AKIE BERMISS: Let us take a minute and think about the amount of time that has elapsed since the first Shirley Sherrod video broke. Just about week ago the media/blogosphere was all a twitter over a video of the Georgia State Director of Rural Development for the United States Department of Agriculture[ speaking at an NAACP function and APPARENTLY confessing to having committed reverse racism. Just a week ago, but of course it seems like ages ago. What are we talking about today? Probably the final death throws of the not-so-important Wikileaks/Afghanistan story, right? I mean, before the Sherrod story broke, all the talk was about Charlie Rangel and the ethics committee. Before THAT scandal we were talking about how watered-down but symbolically-good the financial reform was going to be. We live in the age of the instant story, the instant story. The 24-hour news cycle and all the spin that is fit to print. Trouble is all this new coverage hasn’t led to MORE coverage or MORE news — its led to more coverage of less topics. Its almost fetishistic myopia.
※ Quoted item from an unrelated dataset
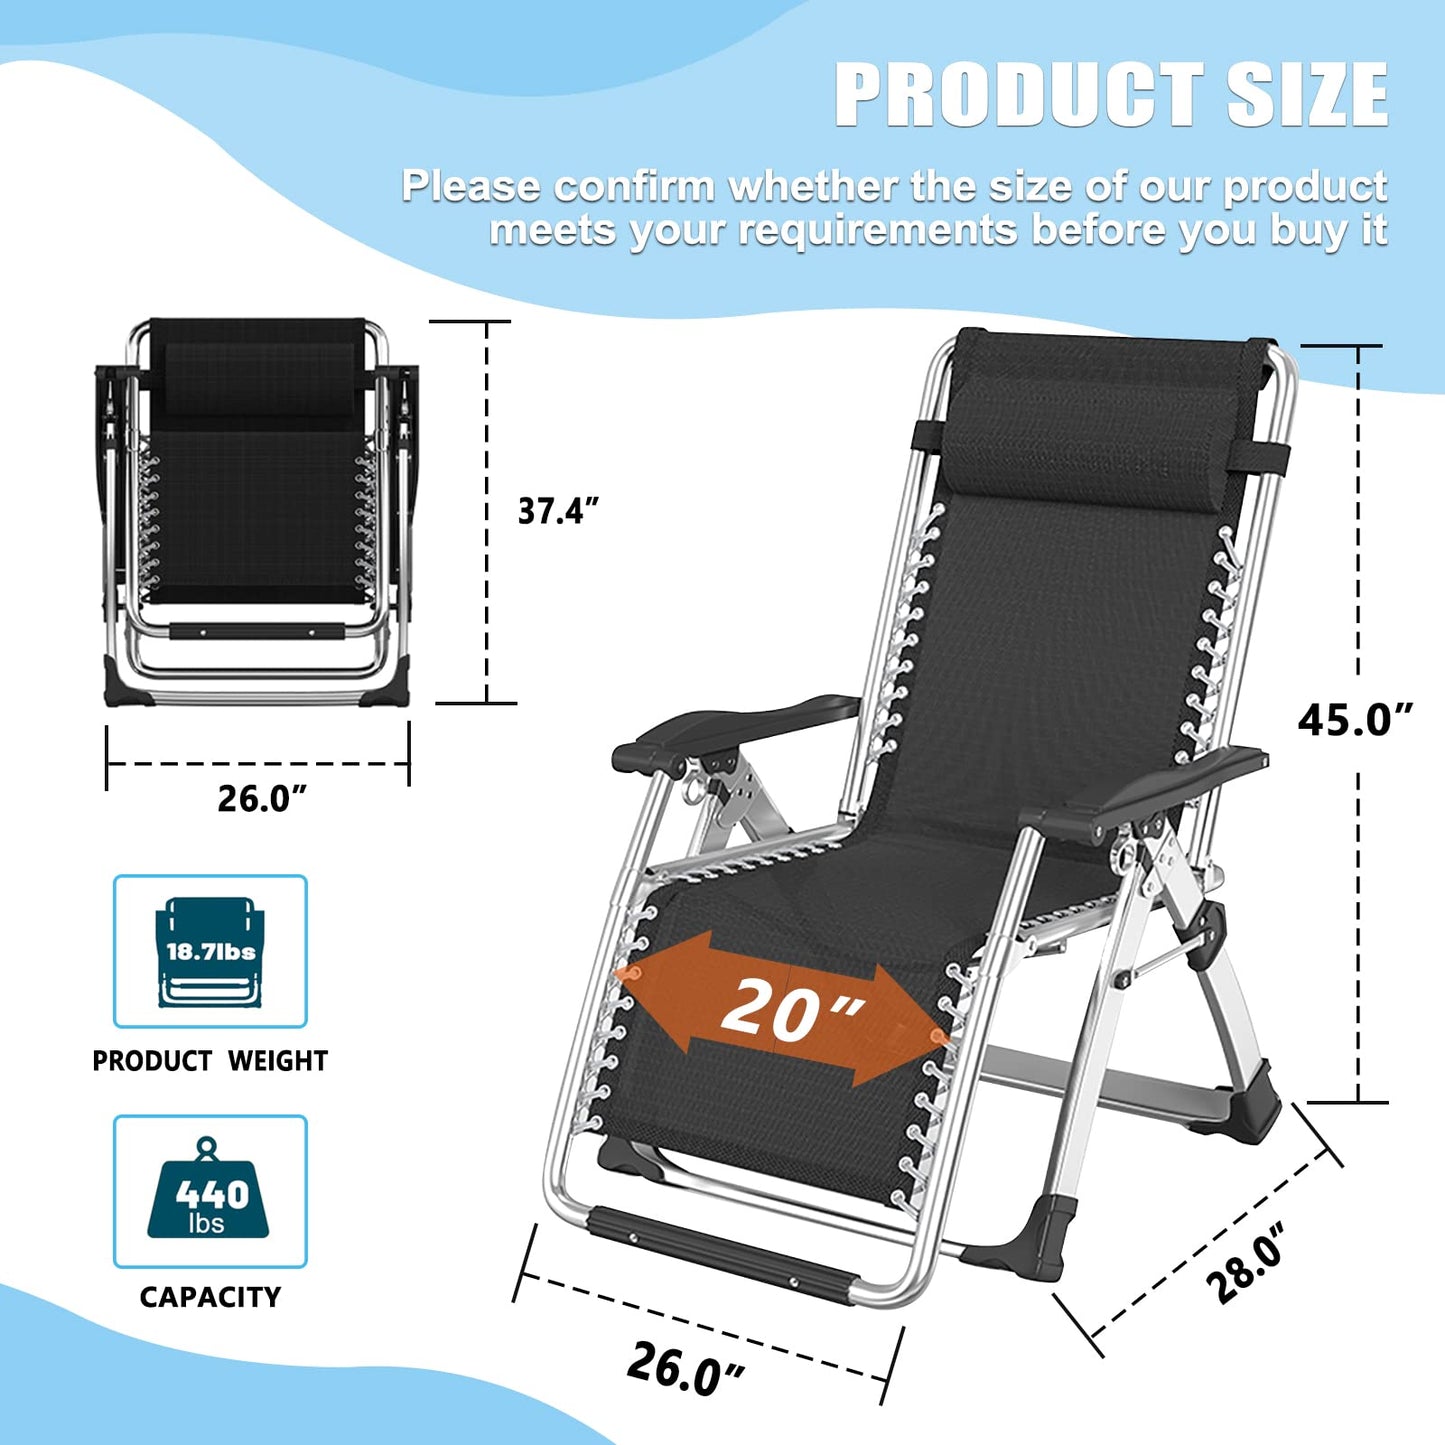 Chaise Zero Gravity, inclinable de pelouse, chaise longue de patio inclinable, chaise longue portable pliante avec coussin doux détachable, porte-gobelet, chaise d'appui-tête avec coussin chaise Zero Gravity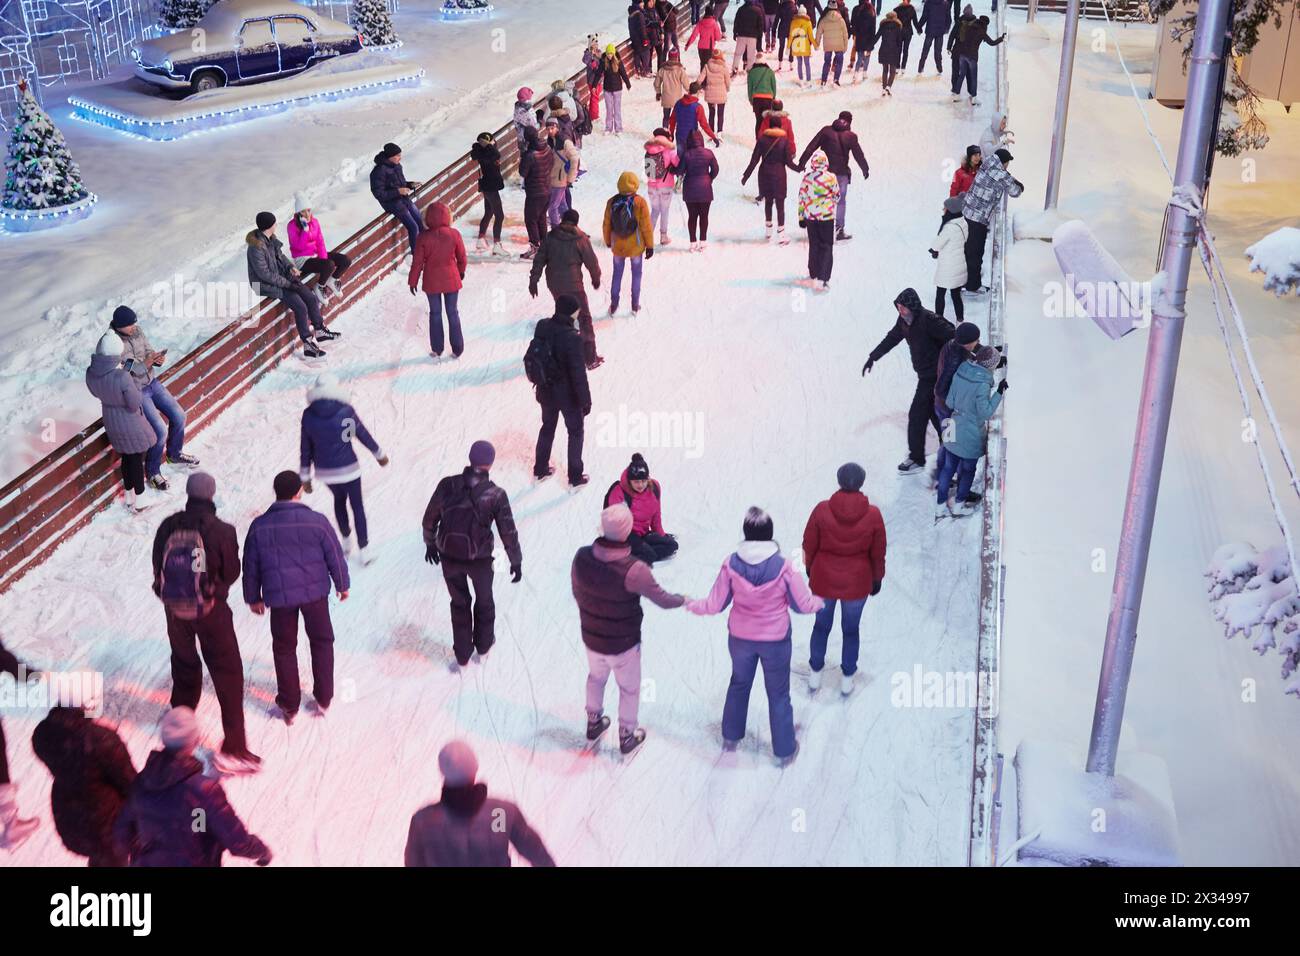 MOSKAU, RUSSLAND - 24. JAN 2015: Die Menschen haben sich abends auf der Eislaufbahn in der VDNKh ausgeruht. Die Eislaufbahn in VDNKh ist die größte Eislaufbahn Europas - ein Gebiet Stockfoto

JESSICA BADER: Of everyone even peripherally involved in the Shirley Sherrod saga, only three people – Sherrod herself and the white couple whose farm she helped save all those years ago – came out of it not looking bad in some way. In a slightly gentler universe, the story Sherrod had told at that NAACP function would be the inspiration for a saccharine Lifetime movie chock-full of important lessons. In the universe as it is, things took a far more depressing turn.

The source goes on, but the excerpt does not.